__Data__
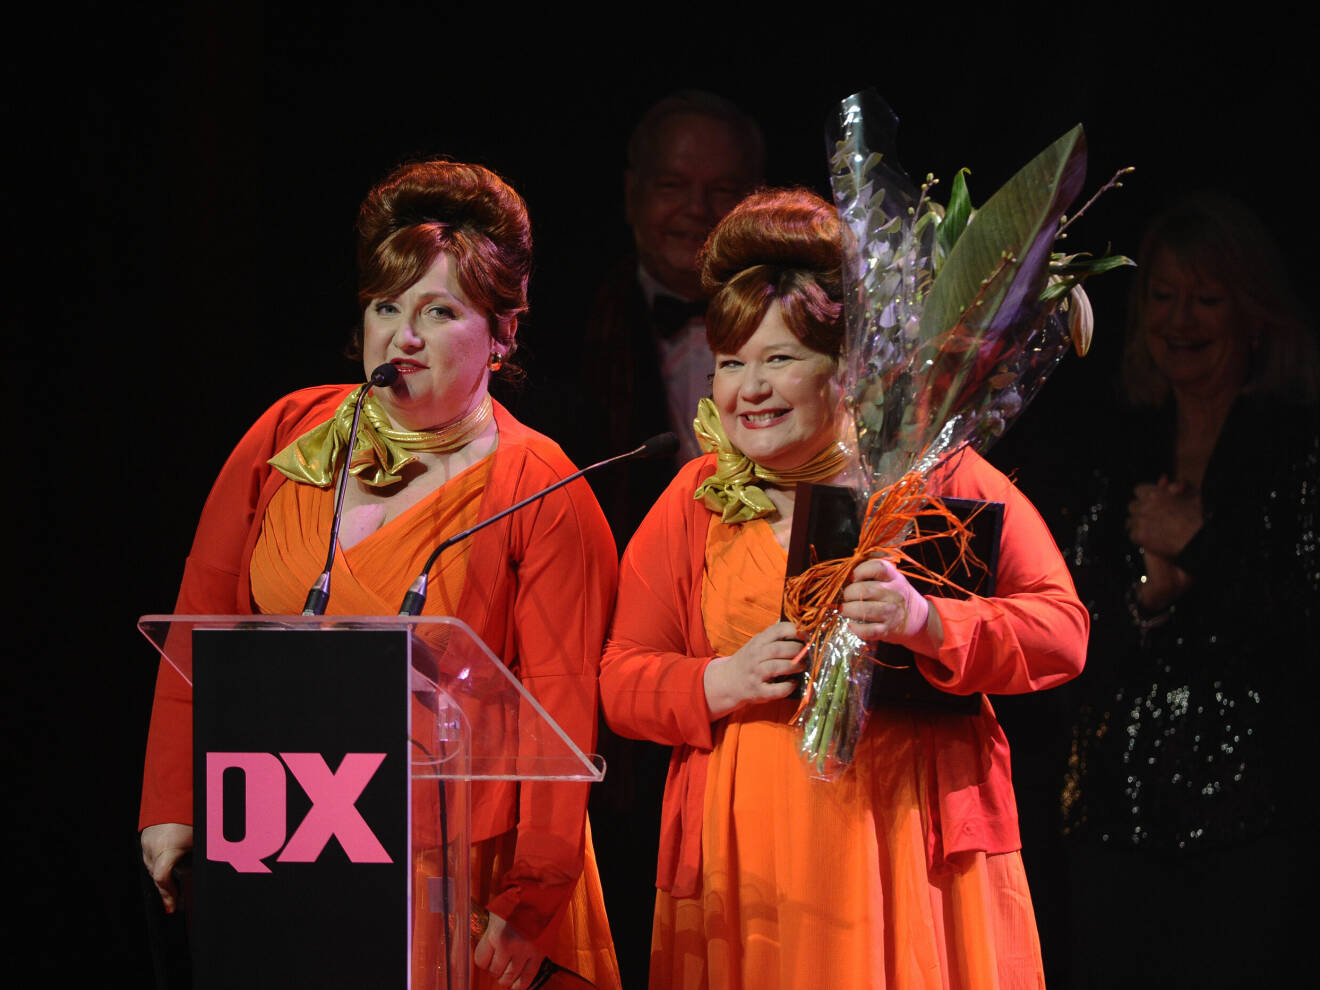 Carina Perenkranz och Pernilla Parszyk vann årets duo för sina karaktärer Judit och Judit under QX Galan, Cirkus i Stockholm år 2012.
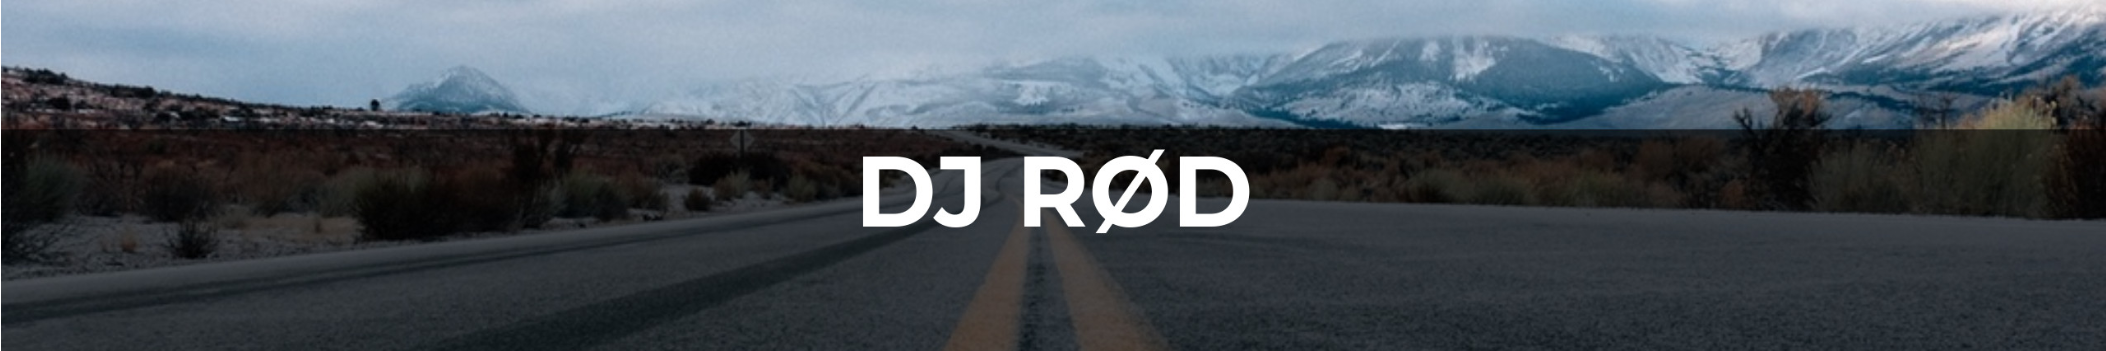 DJ ROD
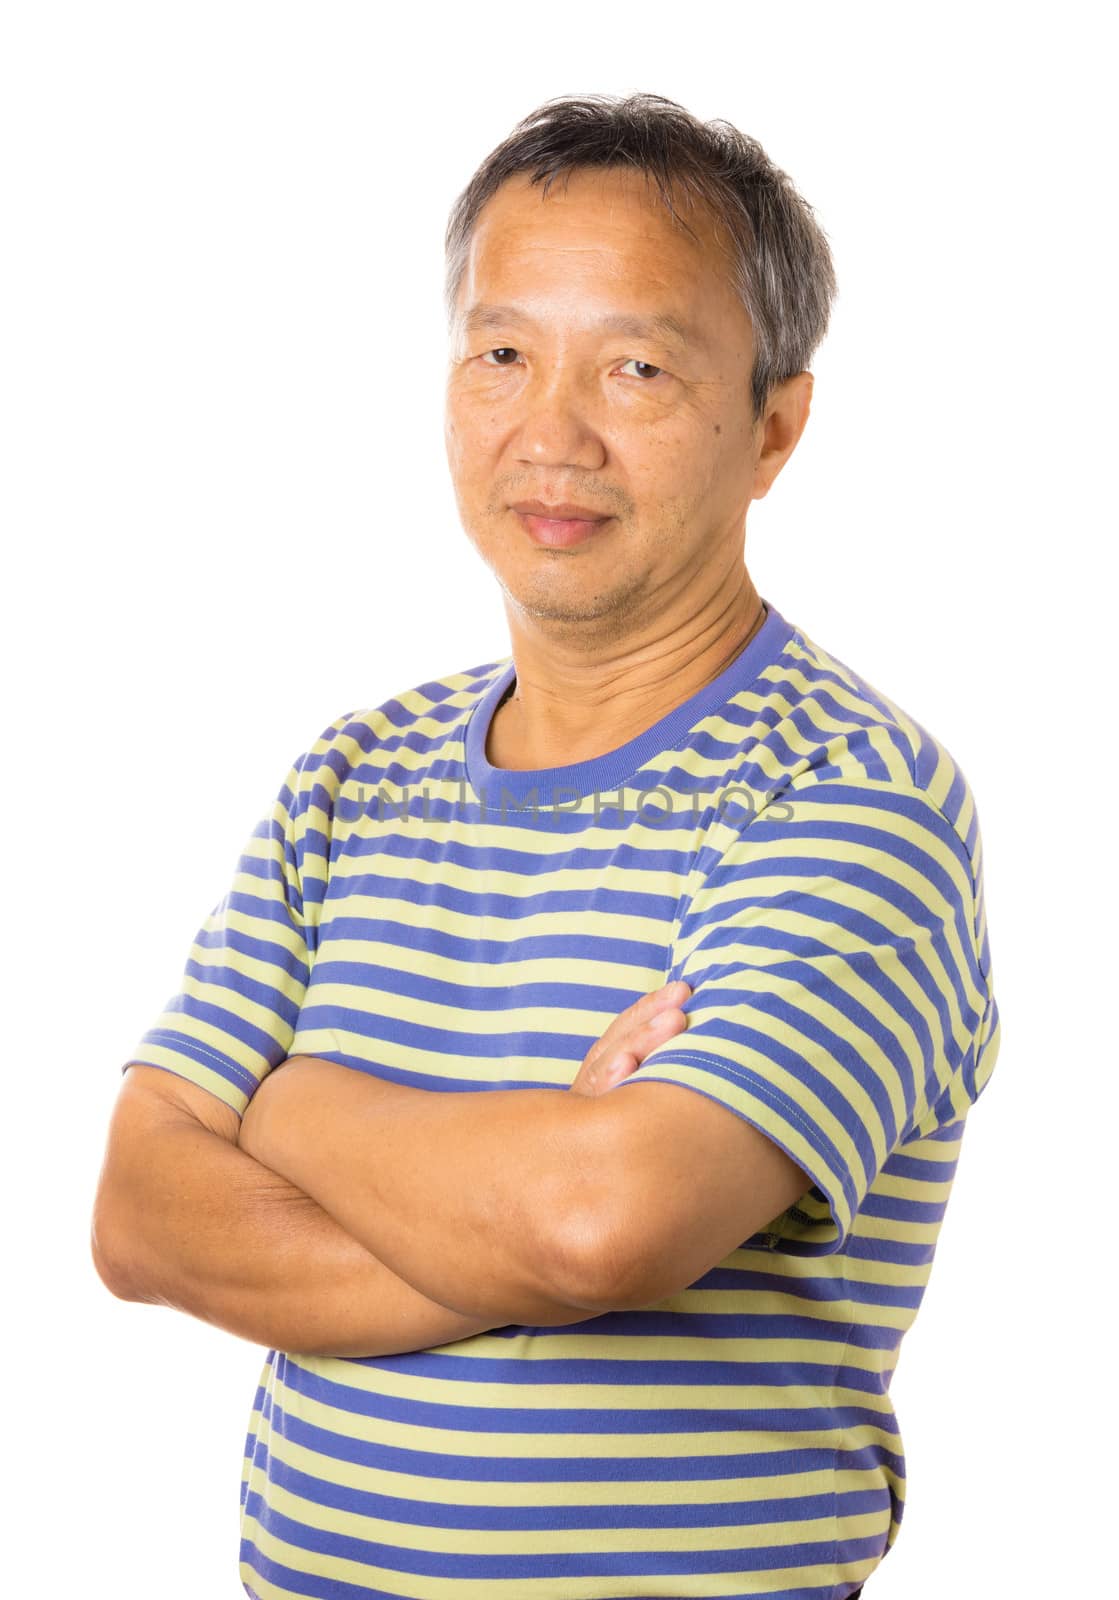 Asian mature man by leungchopan

__Task description__
An exact copy of the whole listing is required, minus the pictures.

__Task answer__
 Carina Perenkranz och Pernilla Parszyk vann årets duo för sina karaktärer Judit och Judit under QX Galan, Cirkus i Stockholm år 2012.
 DJ ROD
 Asian mature man by leungchopan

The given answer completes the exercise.